» What you need to do
Transcribe the listing that follows in full, exactly, and drop its images.

» Exercise data
_ _ _ _
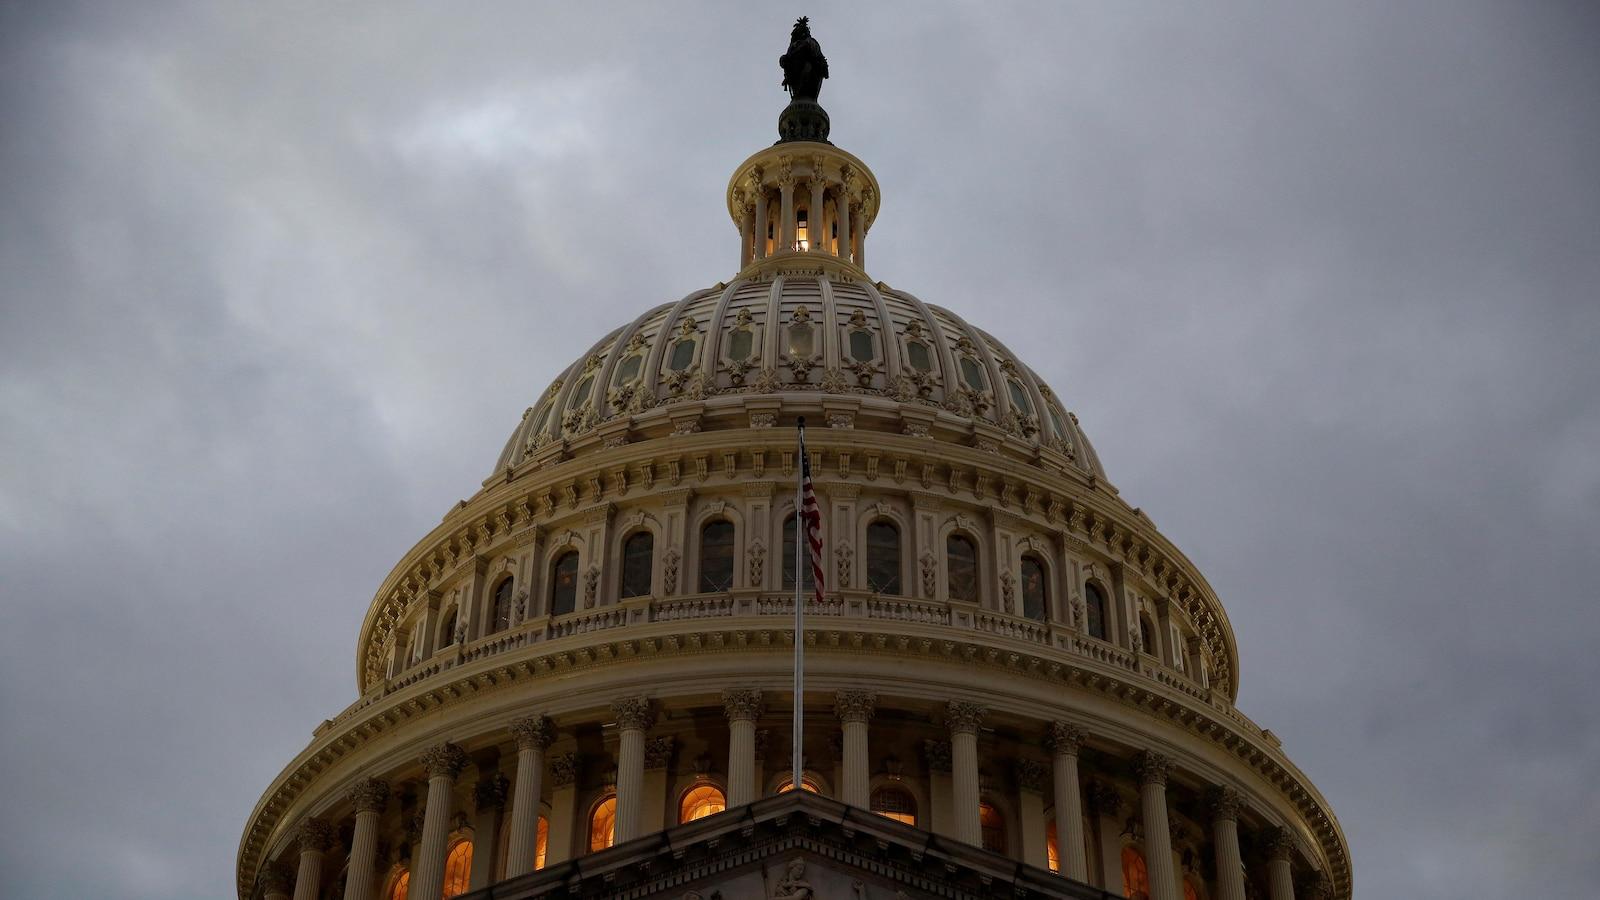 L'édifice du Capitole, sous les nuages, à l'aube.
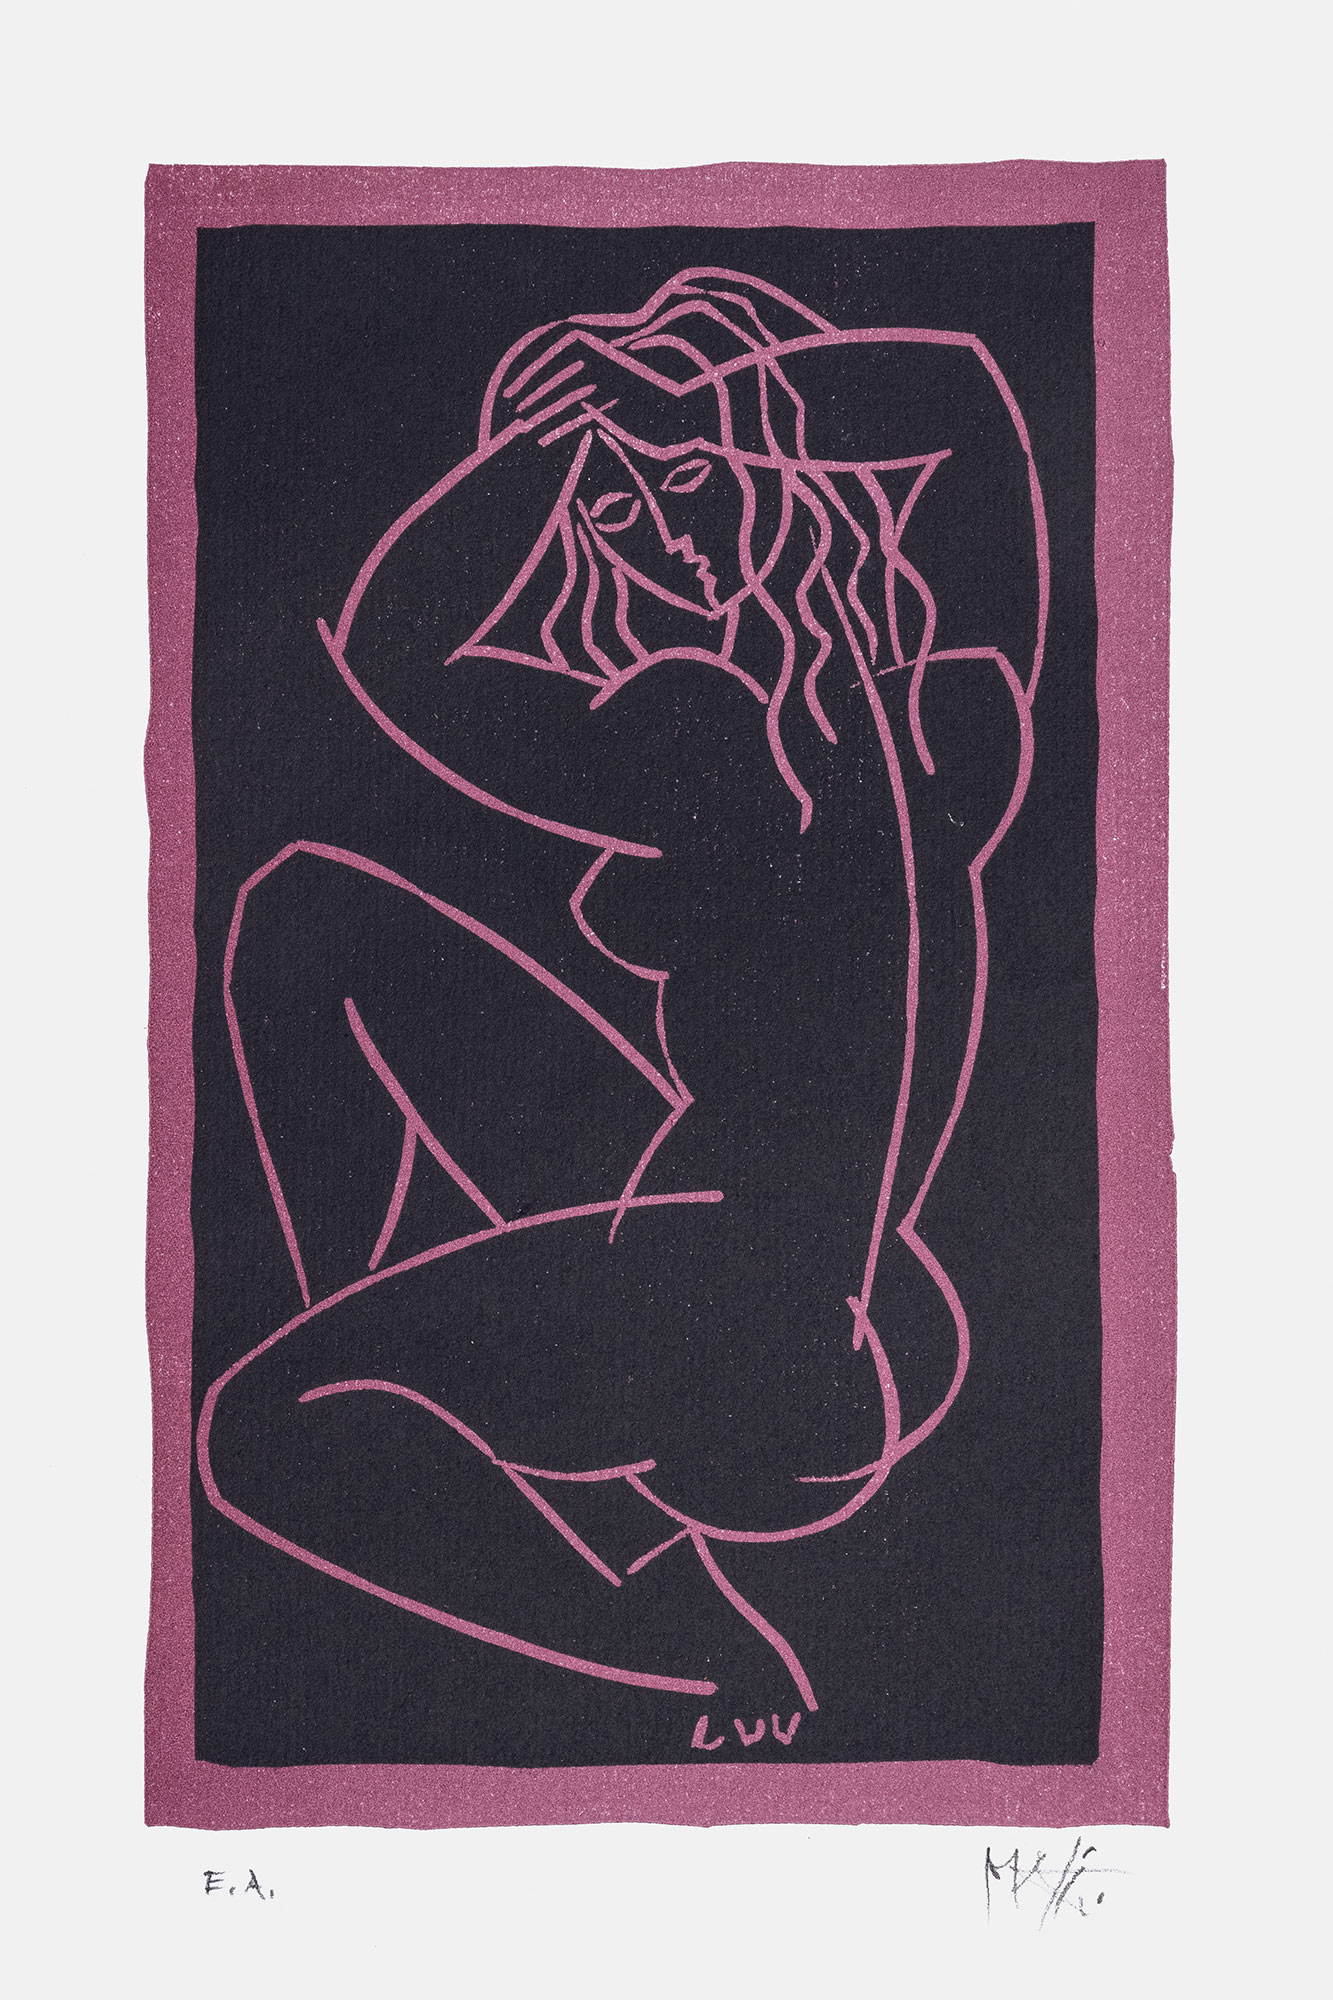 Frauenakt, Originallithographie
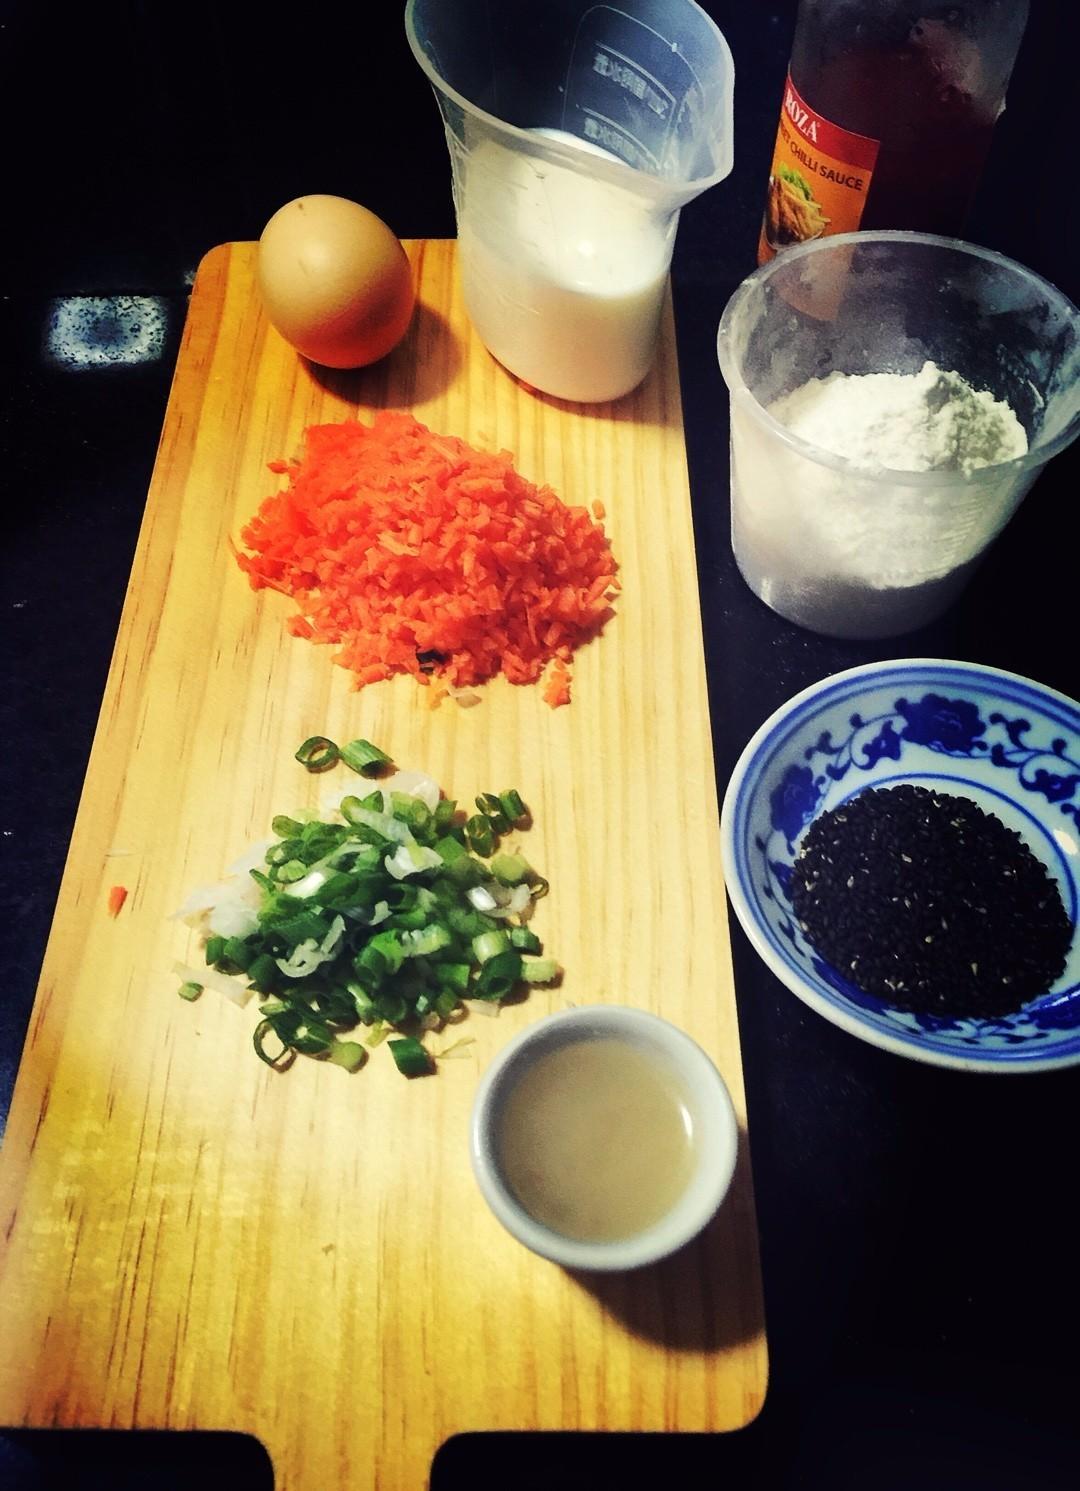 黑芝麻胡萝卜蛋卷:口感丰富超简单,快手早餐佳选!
_ _ _ _
» Written reply
 L'édifice du Capitole, sous les nuages, à l'aube.
 Frauenakt, Originallithographie
 黑芝麻胡萝卜蛋卷:口感丰富超简单,快手早餐佳选!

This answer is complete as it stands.